Love often triumphs over all, but not always. It's natural for relationships to have issues. After the honeymoon period, which lasts for the first few months of a relationship, difficulties begin to emerge. There will be disagreements and disputes. Some of these problems can be handled through mutual agreement, while others will never be resolved. Solving such issues is difficult. Here are seven such issues to be on the lookout for.
1. Your partner is unnecessarily argumentative
There will be instances when your viewpoint on an issue is so diametrically opposed to your spouse's that you'll be taken aback. Allow it to be as it is, and agree to disagree. As a pair, you must understand that no one wins if one of you is always correct. It's an issue if one or both couples start fights and then hunt for excuses not to forgive one other, It's made worse when the unwillingness to forgive is accompanied with a refusal to discuss the situation further.
2. Being pushed away by your partner
Each of us has an attachment type that influences how we behave in relationships. It will be tough for you to bridge the gap if you are comfortable being near and intimate but your partner has an avoidant and dismissive attachment style. It's exhausting to be around someone who is so avoidant. In fact, it has the ability to change a generally calm and self-assured individual into a needy bundle.
3. Partner who avoids you.
If two people with opposing views on intimacy wind up together, there will undoubtedly be conflicts as a result of their differing views on what it means to be in a relationship. You'll have a hard time bridging a gap with a spouse who is distant, dismissive, and uncomfortable with intimacy gestures if you need frequent confirmations of affection. If you don't get the affection you need, you may become insecure and emotionally demanding, which may drive the avoidant type away even more. This is a particularly tough type of incompatibility to overcome, and it commonly leads to a breakup.
4. Partner who is narcissistic.
Maintaining a relationship with a spouse who suffers from narcissistic personality disorder is an uphill battle. It will always be a never-ending cycle of manipulation, rejection, and inadequacy, only to be dragged back in by false promises and expectations of improvement.

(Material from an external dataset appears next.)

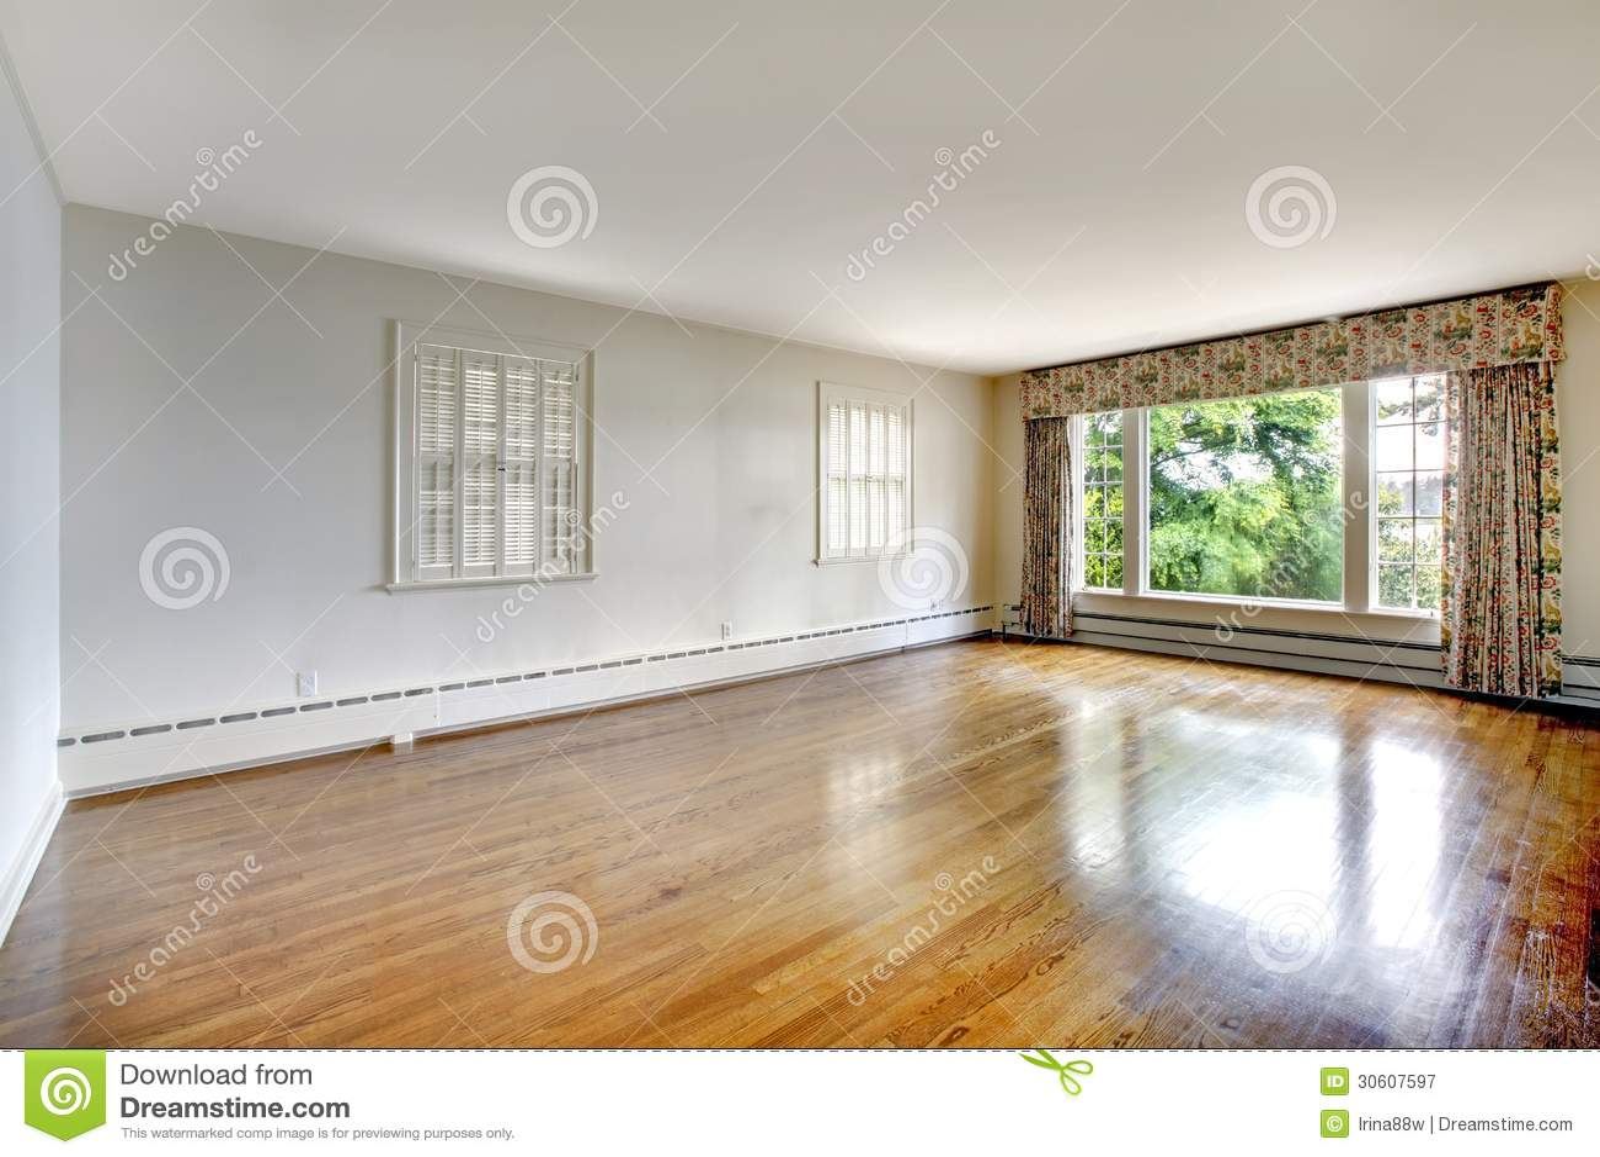 Large Elegant Luxury Historical Home Empty Bedroom

A partner who suffers from this disease is unable to feel empathy and is skilled at gaslighting and manipulating you into feeling guilty and remaining with them.
5. There isn't enough open communication.
If your partners are unable to open up to you and speak honestly about their thoughts and concerns, you may experience anxiety and disappointment. A life partner is someone with whom you share not only the good times, but also the bad, and knowing that you can rely and count on them in those situations is crucial in a relationship. If you don't have that sense of support and dependability in your relationship, it's a clue that you've selected the wrong partner.
6. Your lover is excessively engrossed in their past.
If your partner spends a lot of time talking about his or her history, it's unlikely that you'll be able to settle the situation no matter how hard you try. Your partner hasn't moved on from the past, which could jeopardize both your present and future. You'll get tired of listening to your lover repeatedly talk about his or her past after a while. This kind of relationship is certain to fail.
7. Your companion maintains a high level of secrecy.
This is not a good thing if your partner is overly secretive about his or her whereabouts or when you are not around. Having some "me" time and maintaining confidentiality are two completely different things. Too much secrecy will destroy your relationship and make you feel lonely and unappreciated. Every partnership or marriage should have a space for open communication and openness.